EXERCISE REQUIREMENTS:
Copy out and return the lines from the one holding "Der Wasserfall von" to the end of the listing below, both included, omitting the pictures.
--- MATERIAL PROVIDED Enclosed Below ---
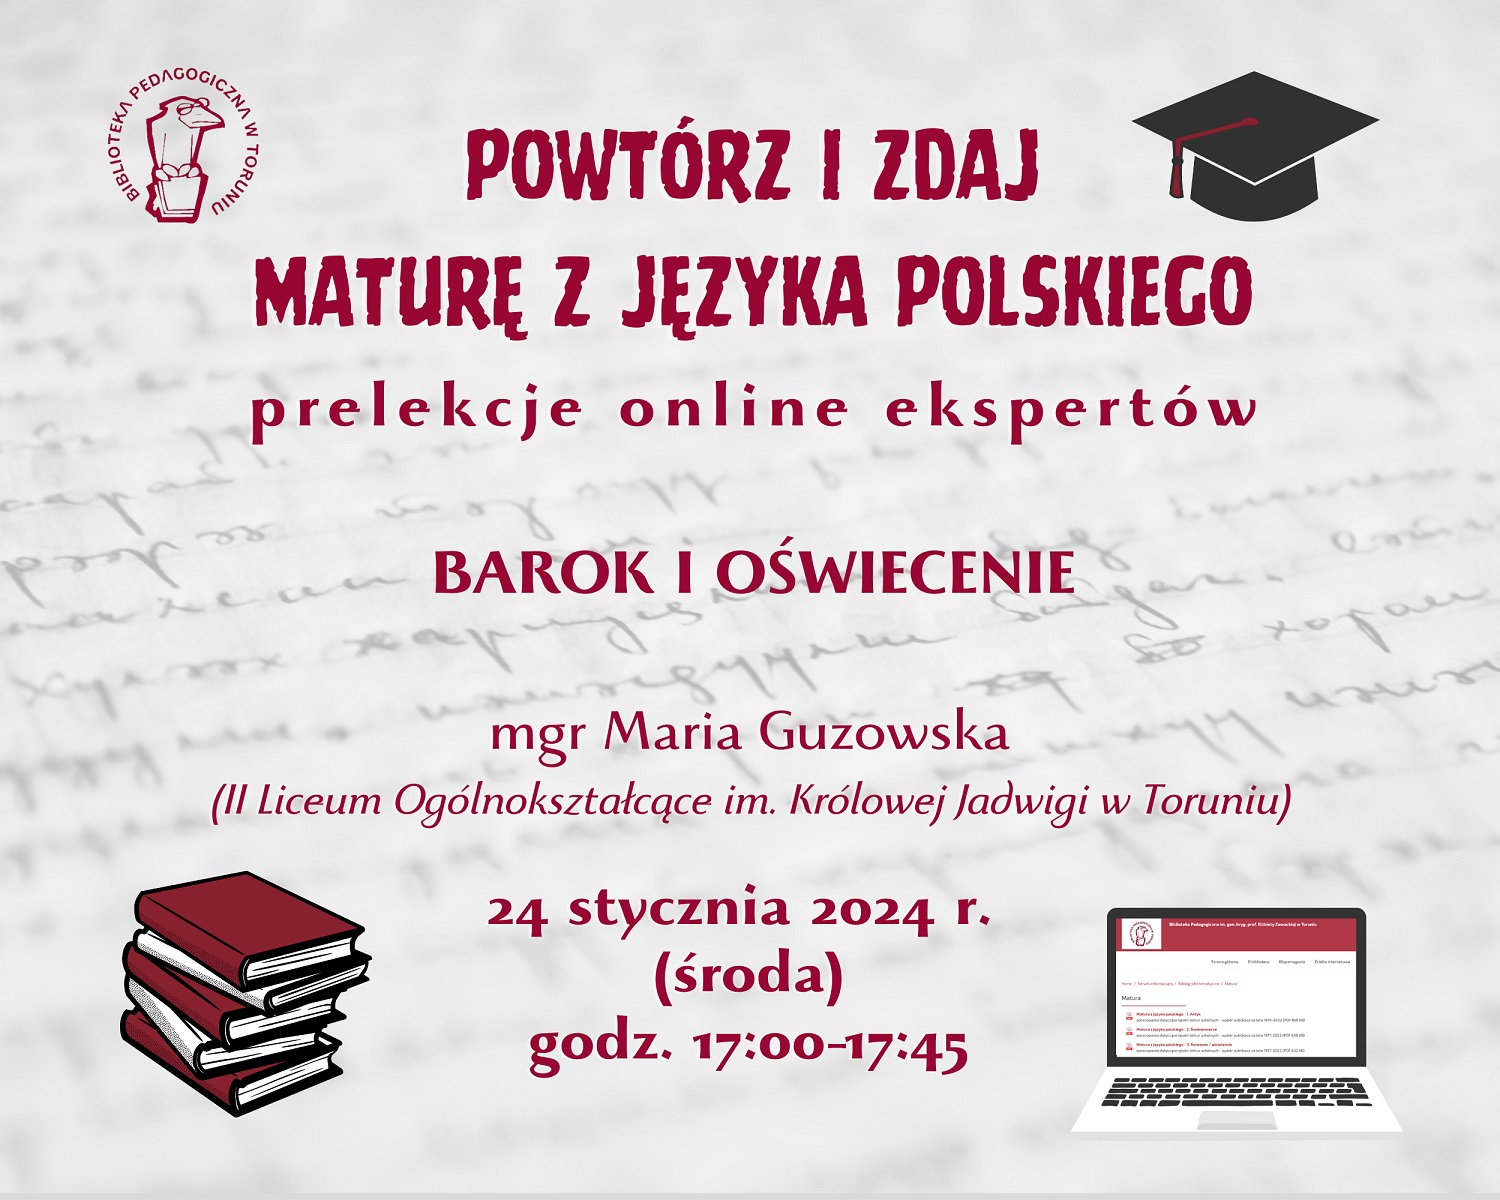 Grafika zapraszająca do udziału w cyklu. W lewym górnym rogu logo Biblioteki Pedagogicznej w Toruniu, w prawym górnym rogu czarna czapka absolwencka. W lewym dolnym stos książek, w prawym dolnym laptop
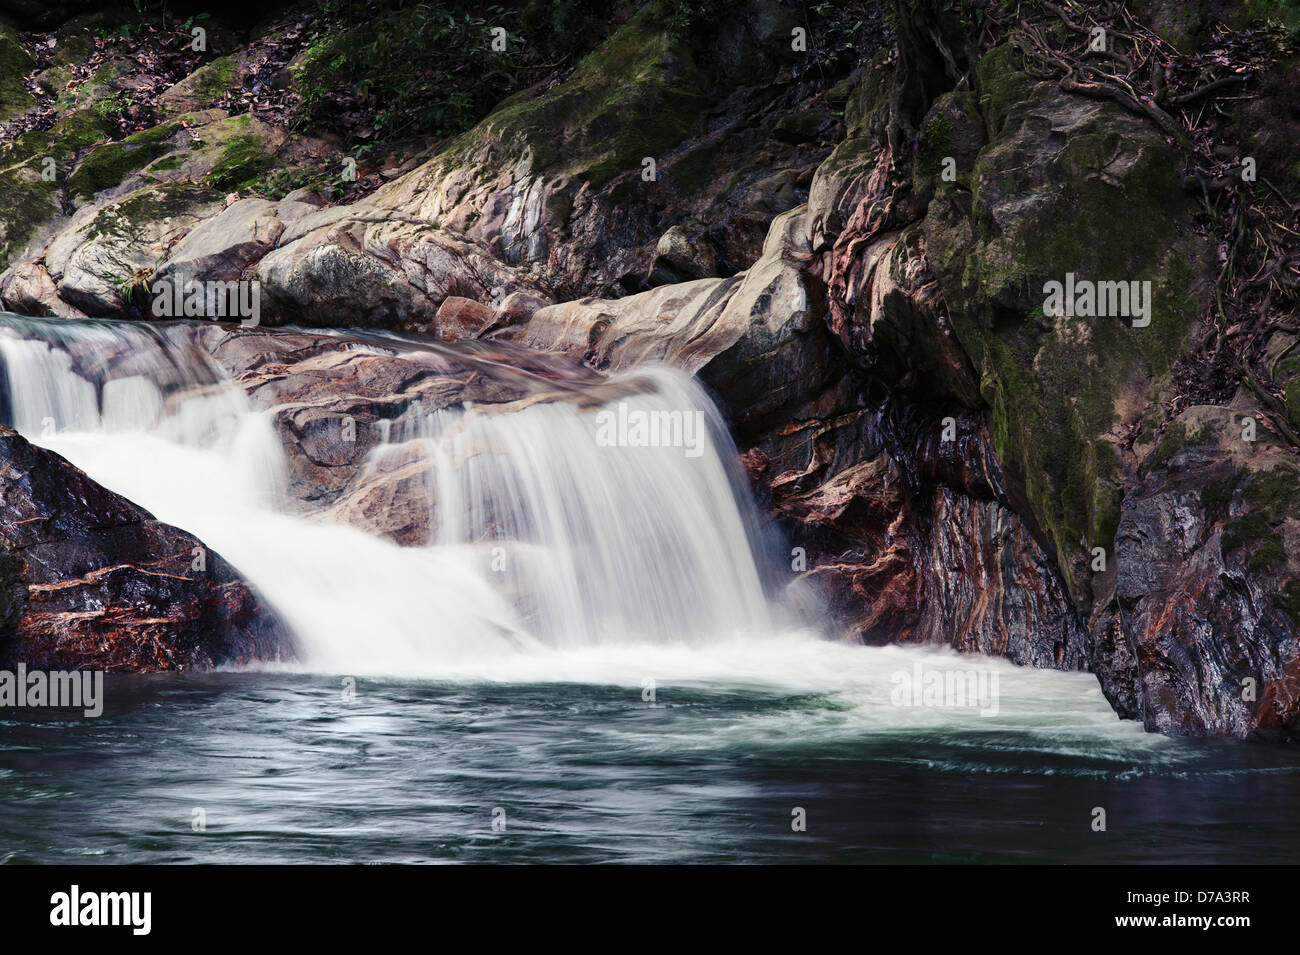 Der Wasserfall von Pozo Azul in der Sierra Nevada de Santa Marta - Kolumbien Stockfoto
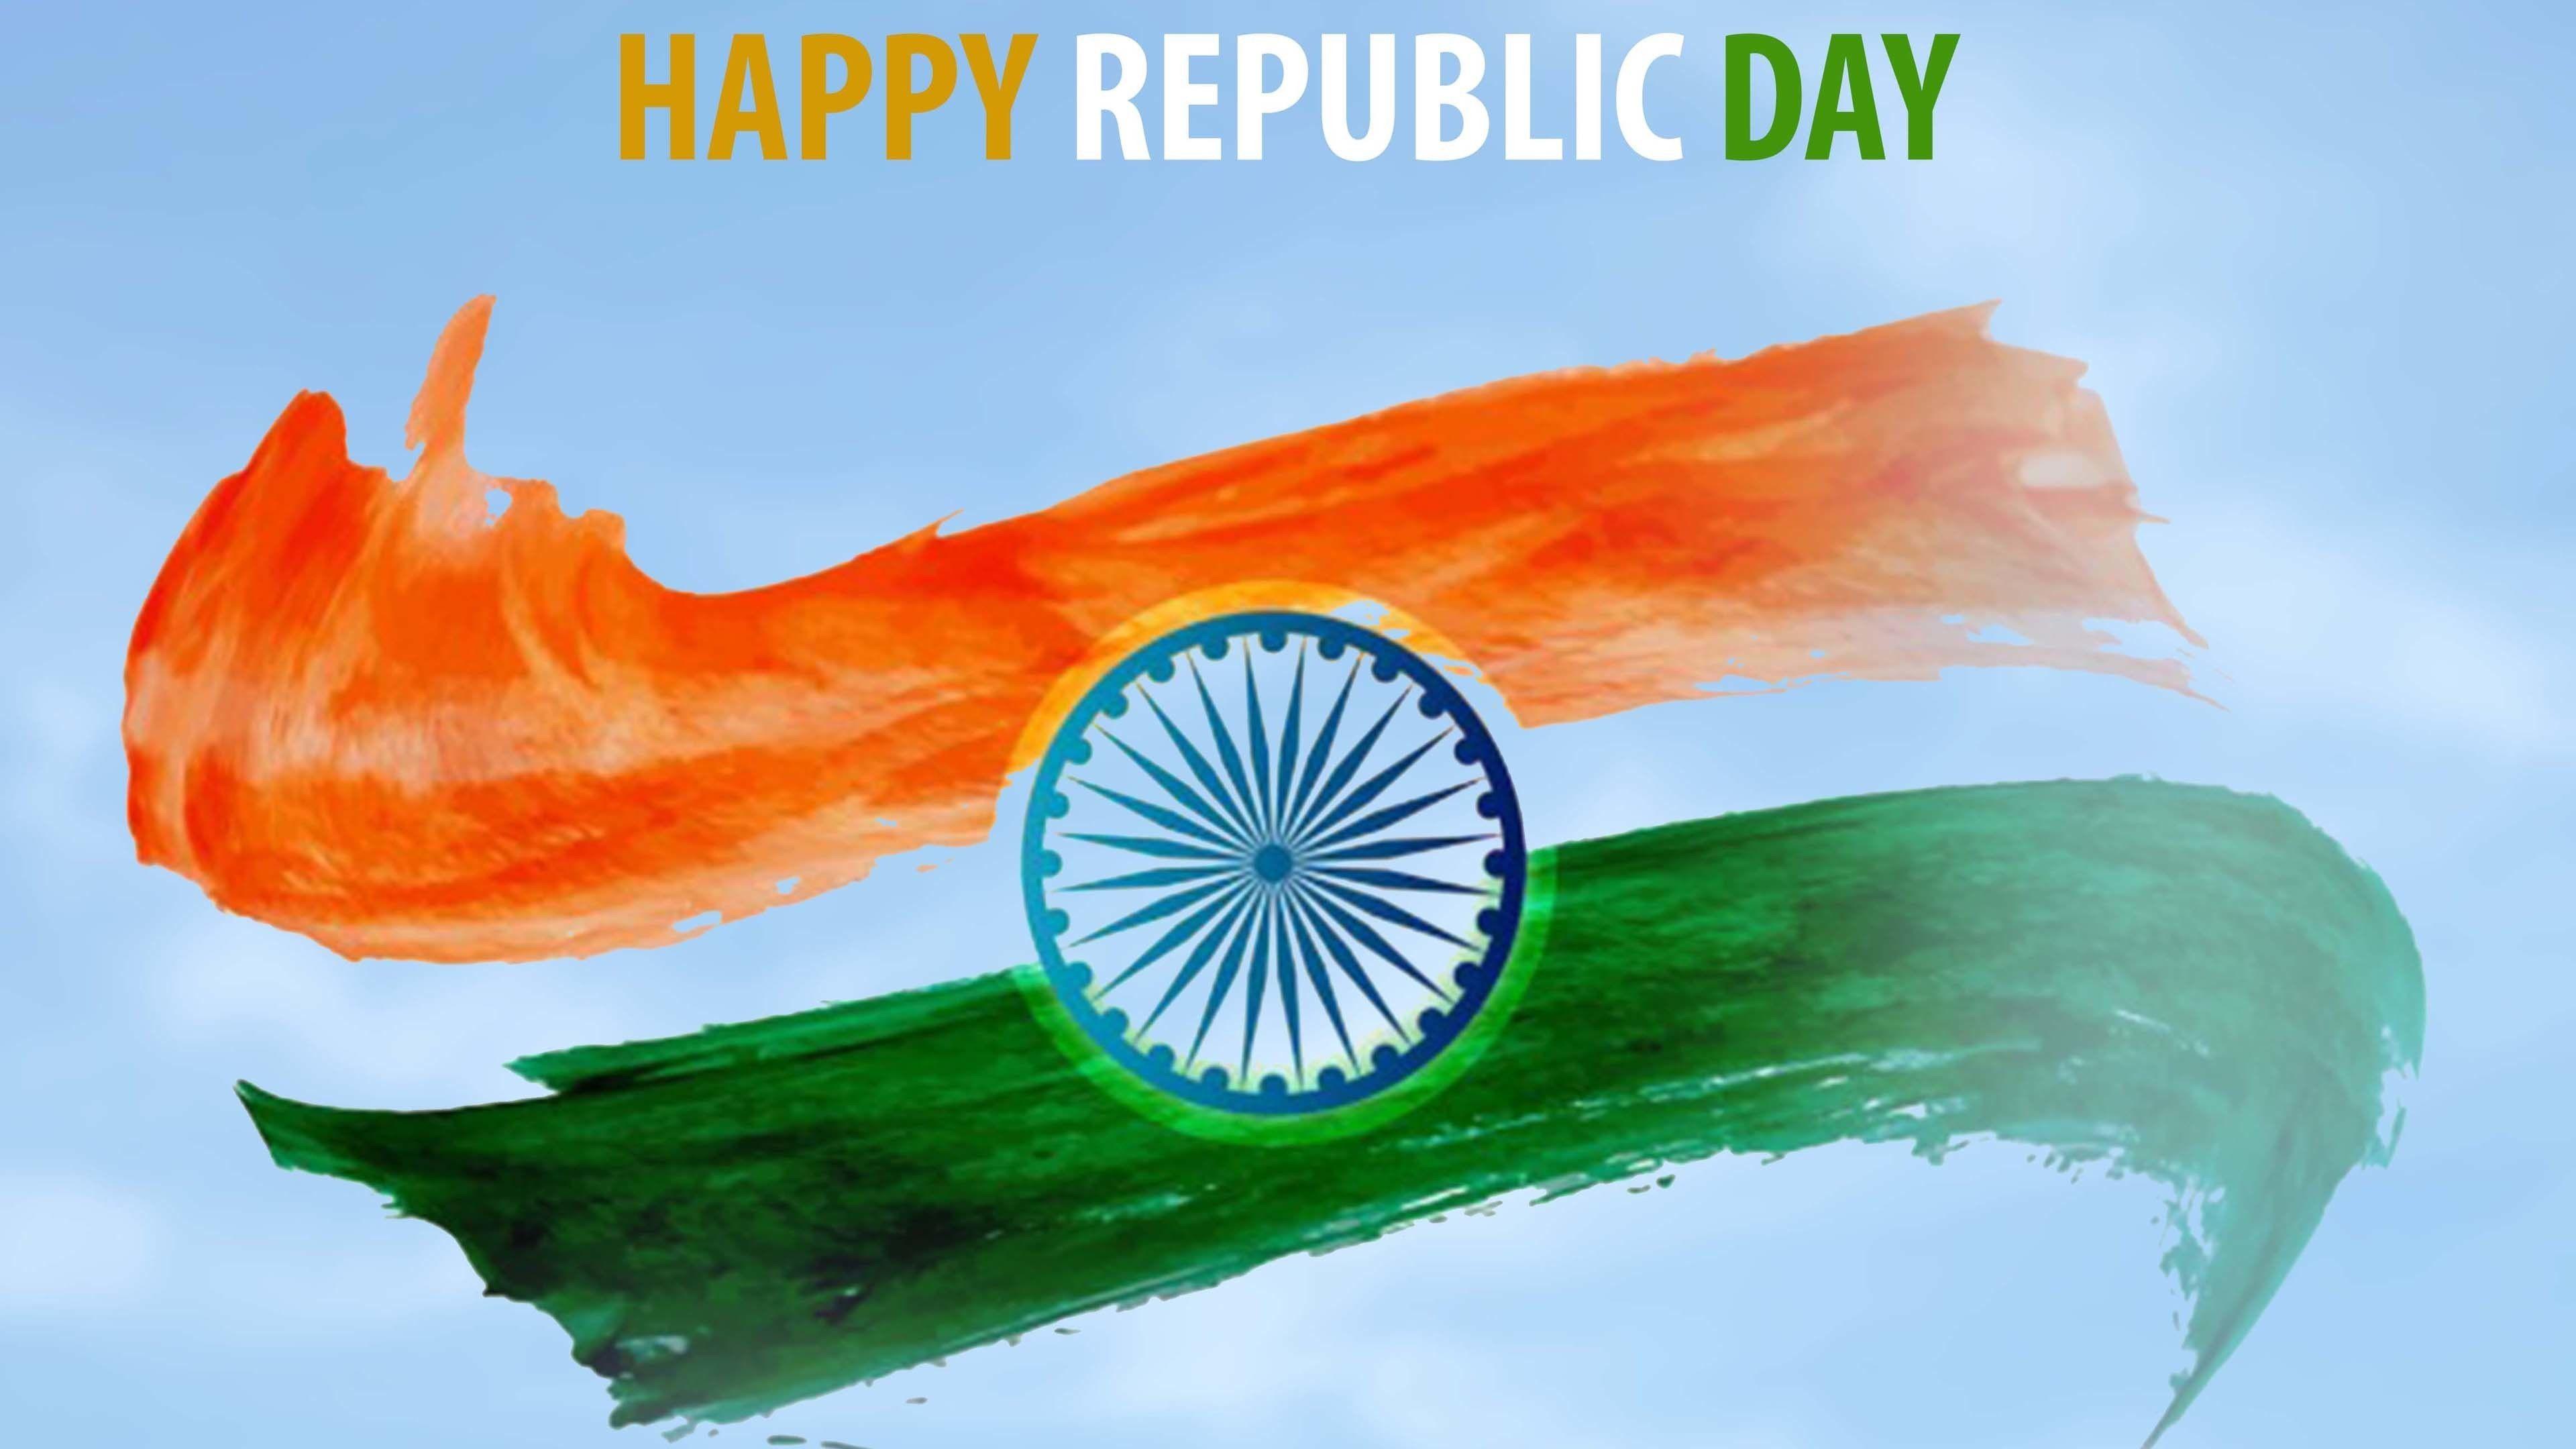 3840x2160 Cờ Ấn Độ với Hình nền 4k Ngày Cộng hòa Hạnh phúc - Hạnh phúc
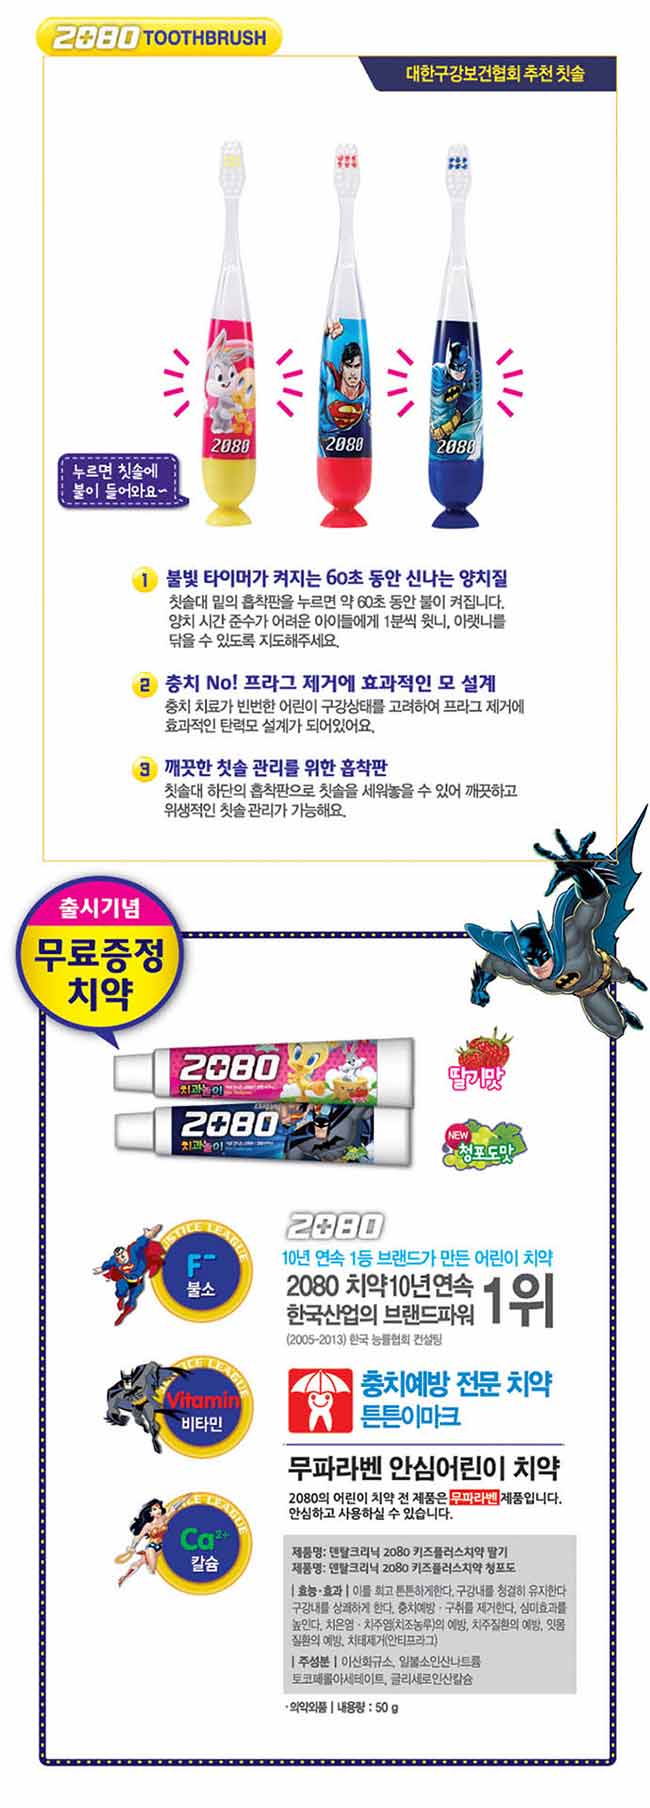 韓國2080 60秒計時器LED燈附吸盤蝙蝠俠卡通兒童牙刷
--- End of Enclosed MATERIAL PROVIDED ---
RESPONSE AREA:
 Der Wasserfall von Pozo Azul in der Sierra Nevada de Santa Marta - Kolumbien Stockfoto
 3840x2160 Cờ Ấn Độ với Hình nền 4k Ngày Cộng hòa Hạnh phúc - Hạnh phúc
 韓國2080 60秒計時器LED燈附吸盤蝙蝠俠卡通兒童牙刷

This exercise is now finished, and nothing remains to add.